C’est un immense honneur. Le Louvre, pour les Chinois cela veut dire tout. Ce sont des œuvres du monde entier qui y sont présentées et en tant qu’artiste c’est vraiment un plaisir de pouvoir présenter mes sculptures au public français.
Au milieu de vos œuvres, vous avez placé une sculpture en bronze aussi monumentale qu’emblématique : Le Baiser.
Je savais que j’allais venir à Paris, la capitale du romantisme, c’est pour cela que j’ai fait un hymne à l’amour, un baiser. Ce couple qui s’embrasse, c’est aussi un message universel, que l’amour est à la portée de tous. C’était pour moi important, d’exposer cette œuvre à Paris, ce baiser entre deux amoureux, de taille et de poids différents.
Dans votre pays, vous êtes un artiste très connu qui a fait une sculpture pour le village olympique en 2008. Comment votre œuvre est-elle répandue en Chine ?
C’est déjà ma cinquième exposition en un an. J’ai exposé aux Beaux-arts de Pékin, je prévois d’aller à Londres en juin et j’ai montré mes œuvres aussi en Sicile en Italie et à Melbourne en Australie. J’aime faire voyager mes sculptures et les partager avec le public dans le monde entier.

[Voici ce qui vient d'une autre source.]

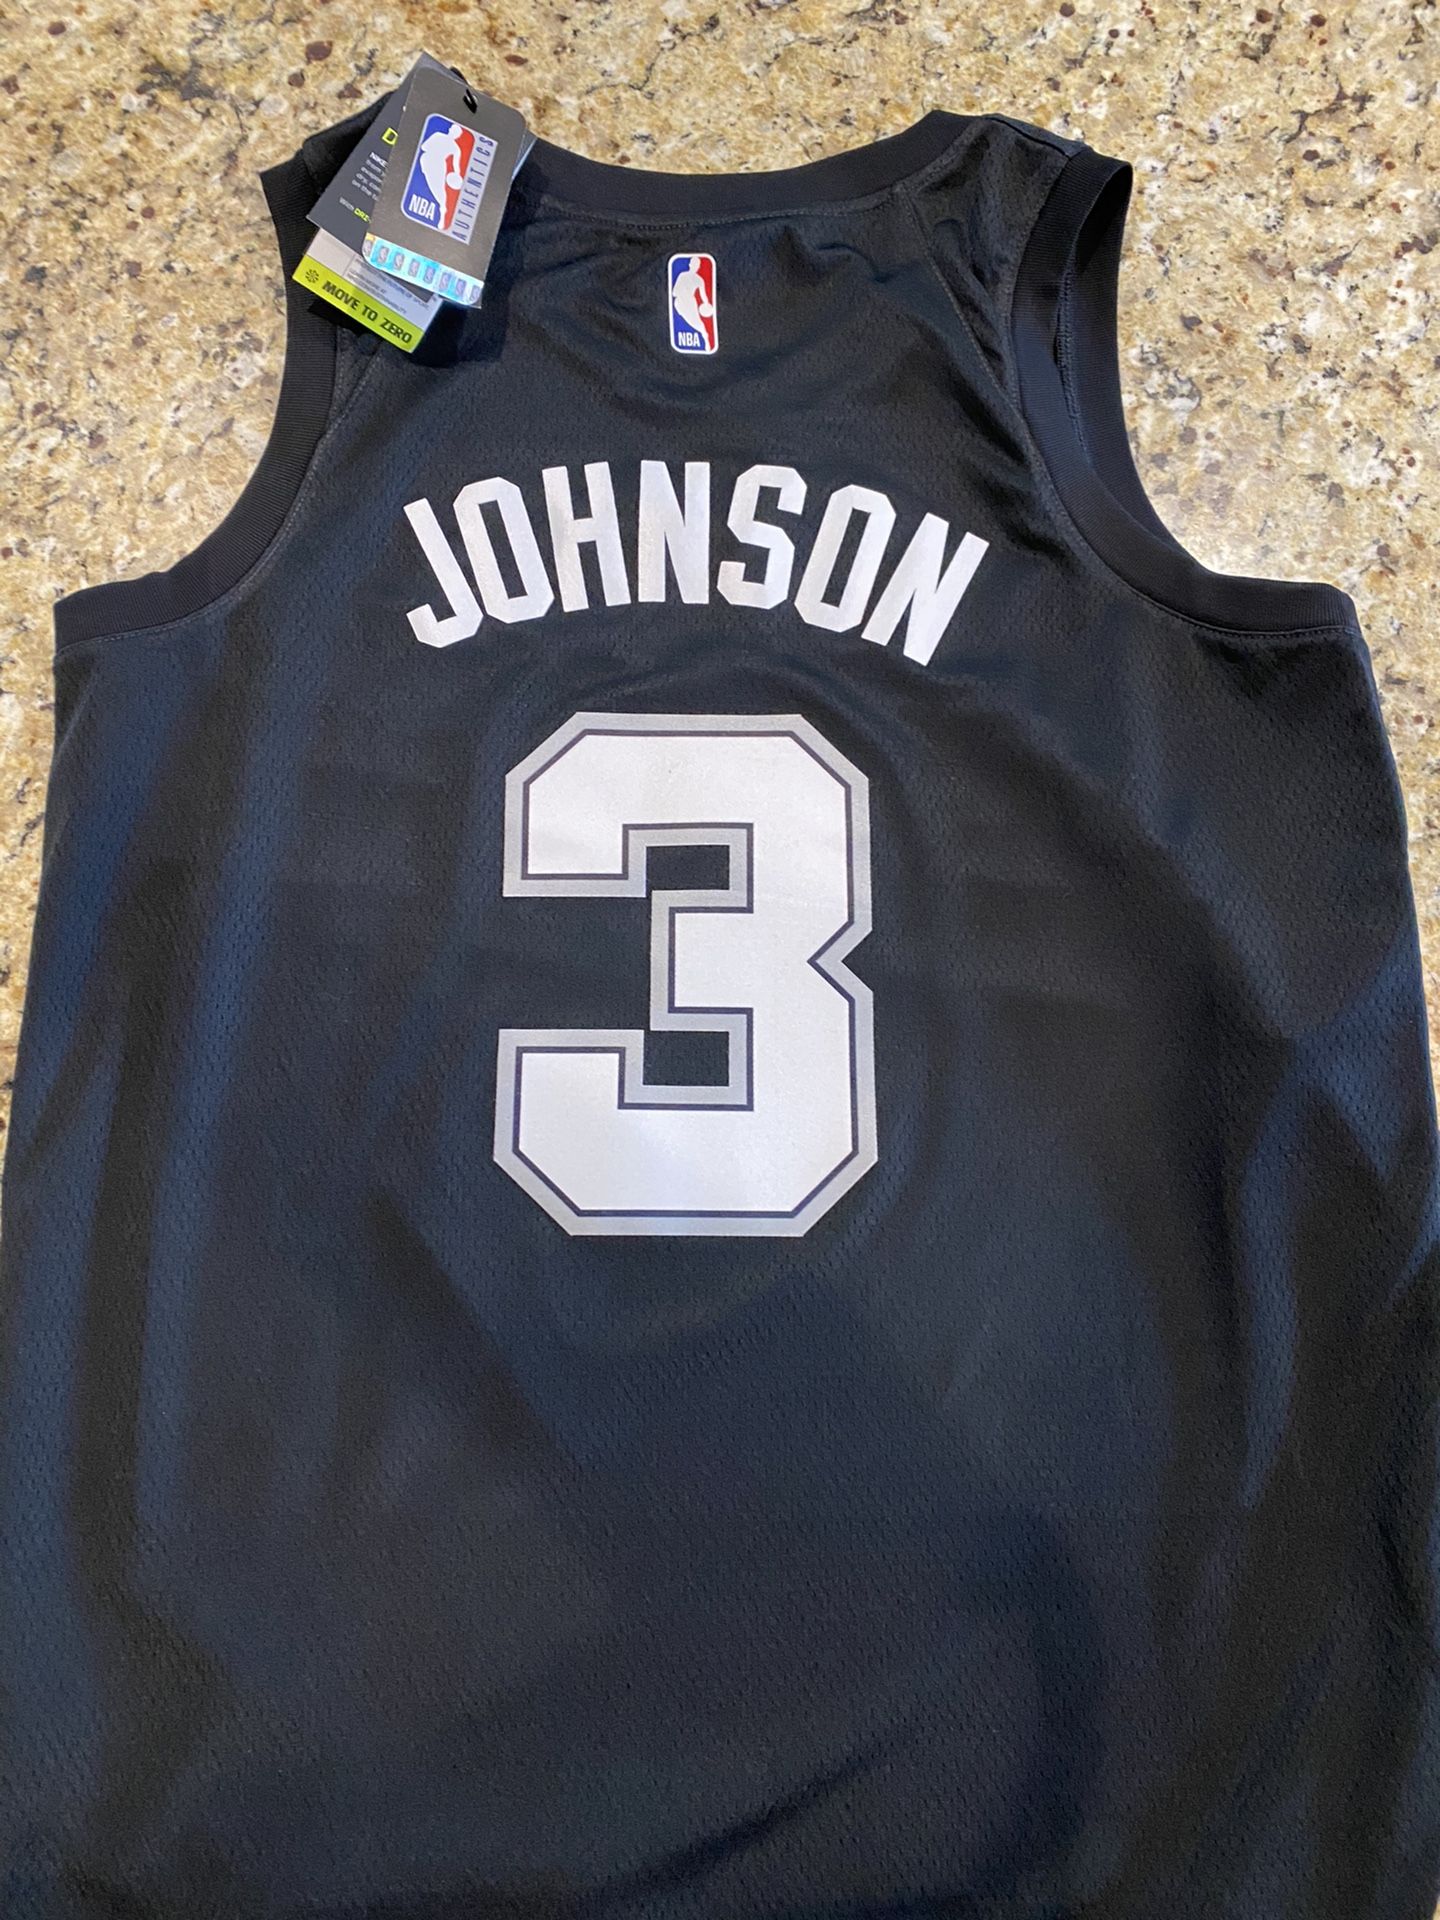 Keldon Johnson Fiesta Jersey for Sale in La Vernia, TX - OfferUp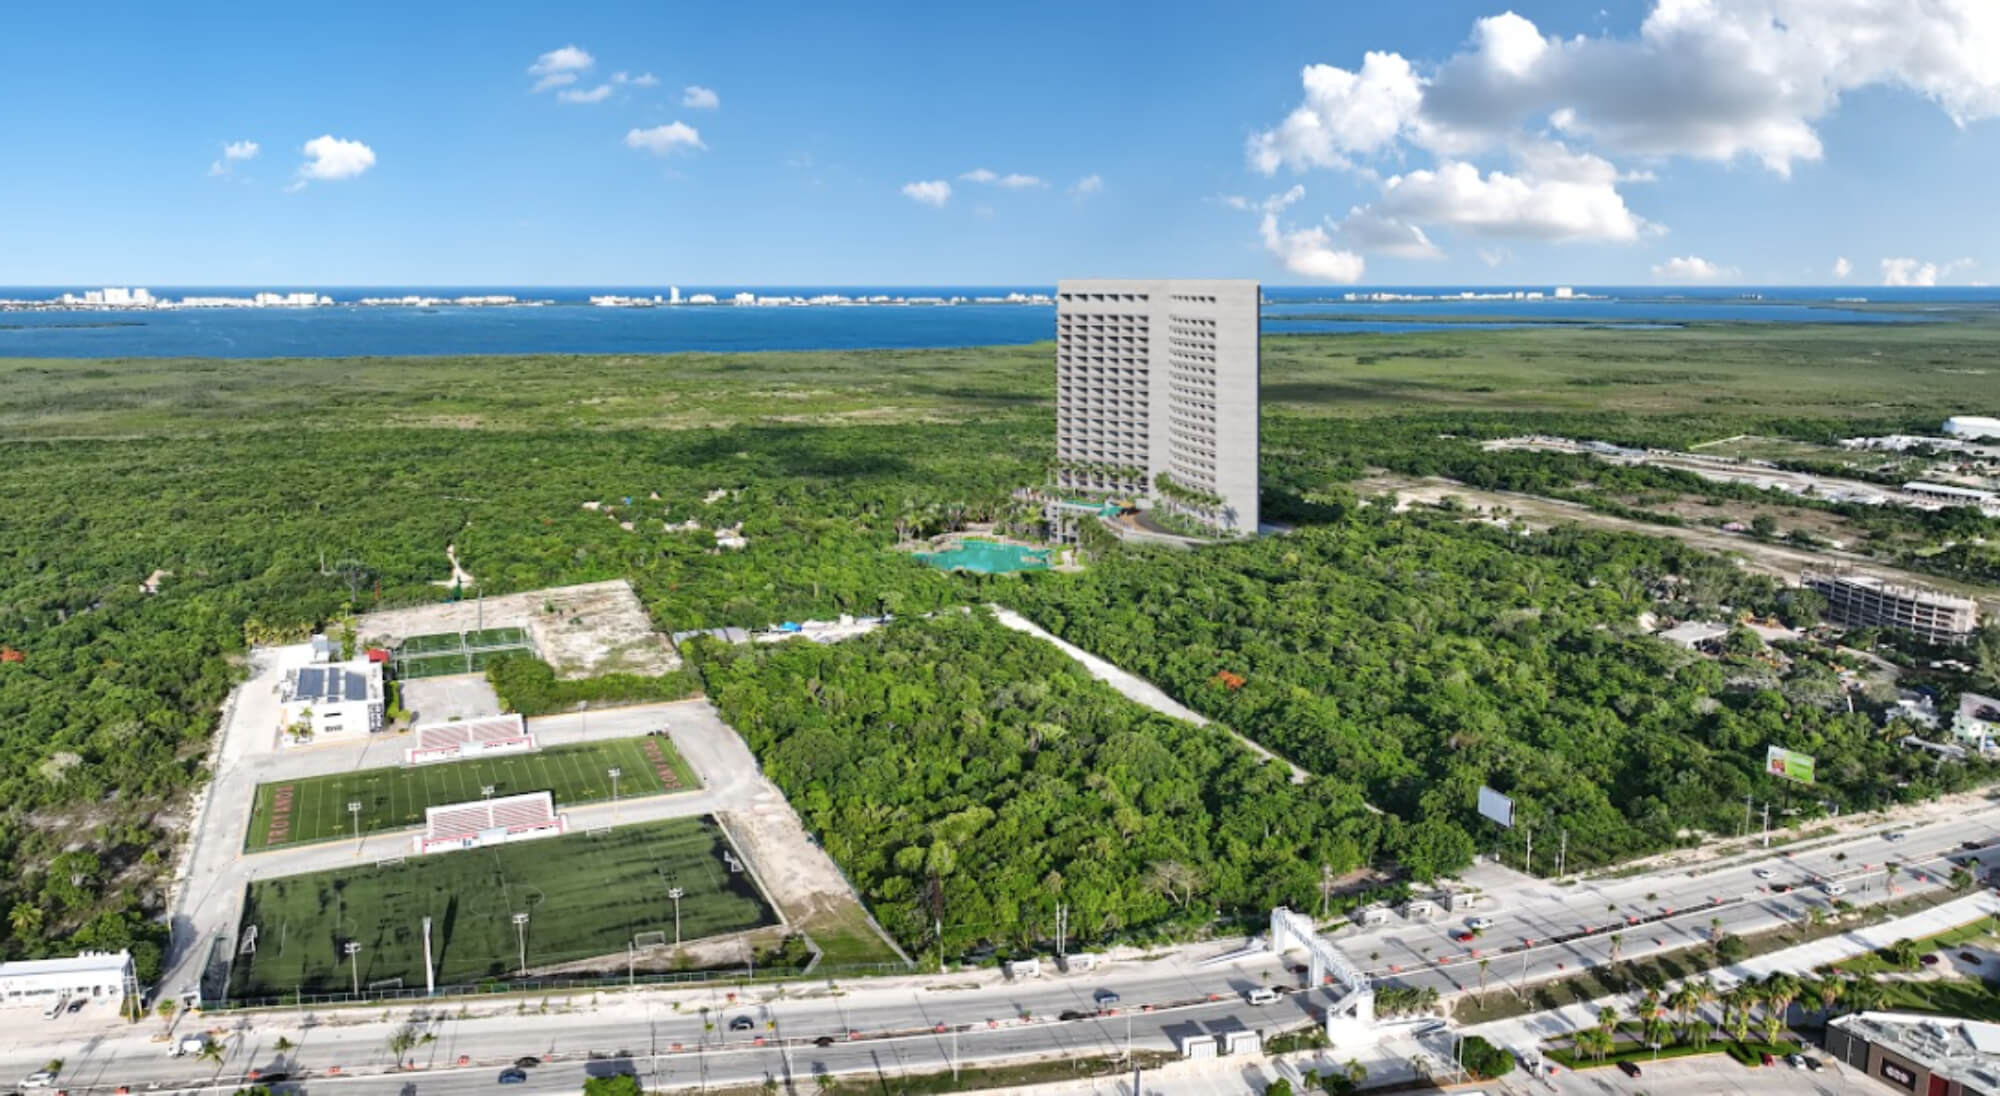 Penthouse con terraza de 25 m2, alberca familiar y alberca de adultos, area para perros, gimnasio, spa, y mas , en venta Cancún

Fin janvier débute le cinquantenaire des relations diplomatiques franco-chinoises. L’art français vous inspire-t-il ? Est-ce que votre œuvre a été influencée par un artiste français comme Rodin ou un sculpteur français plus contemporain ?
En tant que Chinois, Rodin a été ma source d’inspiration principale en ce qui concerne les artistes français. En Chine, Rodin est une grande personnalité. Et c’est vrai, sa prise de vue, la qualité de ses œuvres m’inspirent beaucoup. On me compare aussi beaucoup à Fernando Botero [sculpteur colombien, né en 1932, ndlr]. Je m’inspire aussi beaucoup de ce style, de tout ce qui est en mouvement et surtout des femmes enveloppées. J’aime beaucoup varier ce thème autour du sport : on voit par exemple une femme sur un vélo, sur un skateboard… C’est ce genre d’œuvre qui m’intéresse.
Quand on parle de l’art en Chine, on évoque souvent plus la censure que la sculpture. La censure, est-ce que c’est un sujet qui vous préoccupe ?
Je pense que cette idée est dépassée. C’est vrai, dans le passé, il y avait beaucoup d’artistes censurés, maintenant, le gouvernent chinois encourage l’expression artistique. De là, beaucoup Européens et Occidentaux continuent à penser que les artistes chinois n’ont pas d’humour, ne peuvent pas faire ce qu’ils veulent librement et que la société chinoise est restée très timide. Moi, au contraire, je me sens très encouragé d’aller au-devant et je me permets parfois quelques extravagances, pour le plus grand plaisir du public du monde entier.
Le marché de l’art en Chine explose. Les artistes chinois donnent parfois l’impression de vouloir surtout satisfaire le goût des collectionneurs chinois. Est-ce que vous êtes plutôt un artiste qui cherche à conquérir le marché international ?
Je trouve cela très important de présenter la culture chinoise à l’étranger. À chaque fois, je suis très ému quand, à l’étranger, quelqu’un apprécie mon travail. On parlait de Rodin, qui est très important pour les Chinois. J’espère, un jour, le public français appréciera mes œuvres.
Ici, on est au Louvre. Est-ce que vous savez déjà quelle œuvre en particulier vous voulez regarder dans la collection du musée du Louvre ?
En tant que sculpteur, j’ai ma petite préférence pour l’Égypte et les sculptures égyptiennes et tout ce qui est romain ou grec. Ce qui est important dans un musée, c’est que le public communique avec les œuvres. Au Louvre, c’est une belle réussite. C’est pour cela que c’est un des plus beaux musées au monde. Le public est transporté vers les œuvres.